The Making of the American National Debt
I have been hearing much lately about the U.S. debt ceiling crisis and how it relates to the annual budget deficit and the national debt. I will confess immediately that I am not an economist and I don't claim to have any in-depth knowledge of how our national finances work. With that said, I would still like to share some of my personal observations! This is a very simplistic analysis, so please bear with me.
My perception is that, no matter how you look at it, the basic economic rules which apply to an individual or corporation must also apply to a government. In order to function on a daily basis, each must have income, each must pay for expenses, and each must manage debt, if money has been borrowed.

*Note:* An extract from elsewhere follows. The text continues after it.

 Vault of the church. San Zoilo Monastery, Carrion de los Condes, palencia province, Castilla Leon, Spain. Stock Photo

For the U.S. government, it is now common to pass a budget which includes plans to borrow money. This seems like an oxymoron and it is. For most of us, the term budget implies some sort of spending restraint. Specifically, it is a plan to spend within our means without resorting to borrowing! In theory, when a government borrows money to cover expenses, it is no different than an individual borrowing money from a bank - both are obligated to pay back the amount with interest in a certain amount of time. The amount borrowed is added to the national debt and, unless paid down, the national debt will increase every year.

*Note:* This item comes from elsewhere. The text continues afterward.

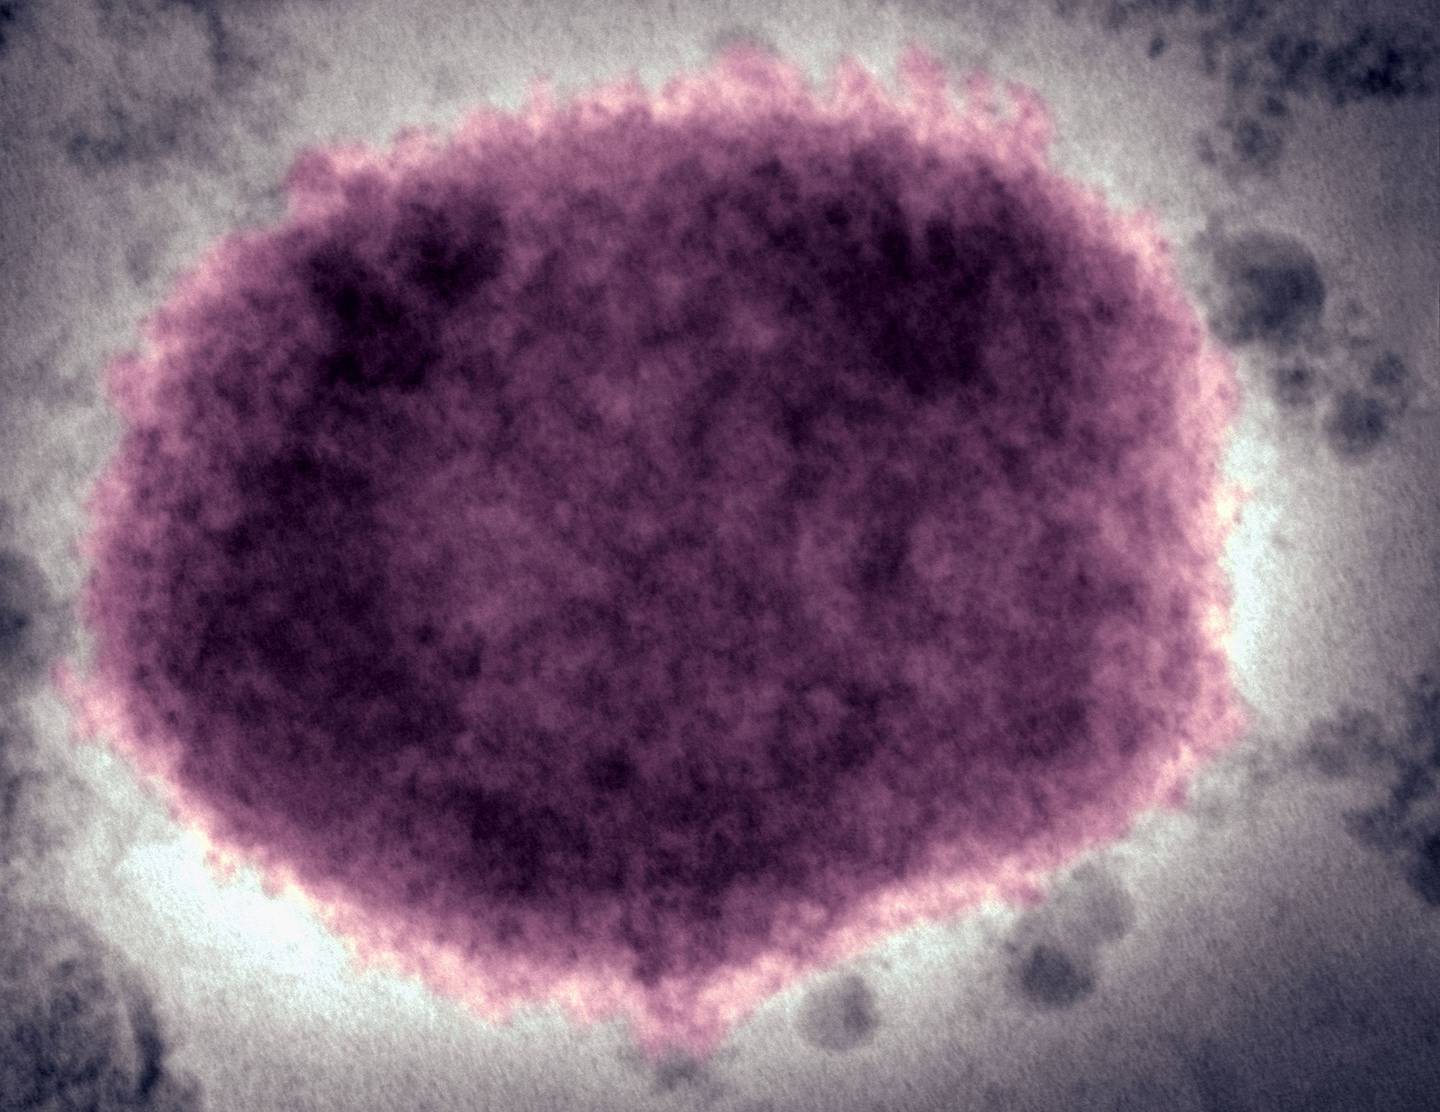 Virus de la viruela del mono en fluido vesicular humano

Now we have something called the debt ceiling which specifies the maximum national debt allowed by law. If planned spending exceeds this ceiling, then the government must make cuts somewhere. This might be Social Security payments or welfare payments, or veterans benefits. This is considered a default and is a bad thing because a default tarnishes the reputation of the U.S. economic system and will also cause the interest rate paid on the national debt to go up. I compare this to what happens if I miss a credit card payment -- my credit score could be damaged and my interest rate will probably go up as a penalty.
In order to avoid a default, the U.S. Treasury can request that the debt ceiling be increased to a new maximum. This is what Congress traditionally does because Congress itself approved the budget which already included a plan to borrow in a manner which would cause the debt ceiling to be exceeded! Clever, isn't it? The problem is that now it is assumed that the debt ceiling is an artificial limit and that it will be raised whenever a raise is requested. A hard limit would be an incentive for the President and Congress to formulate a budget which did not require more borrowing. But a soft limit offers no incentive.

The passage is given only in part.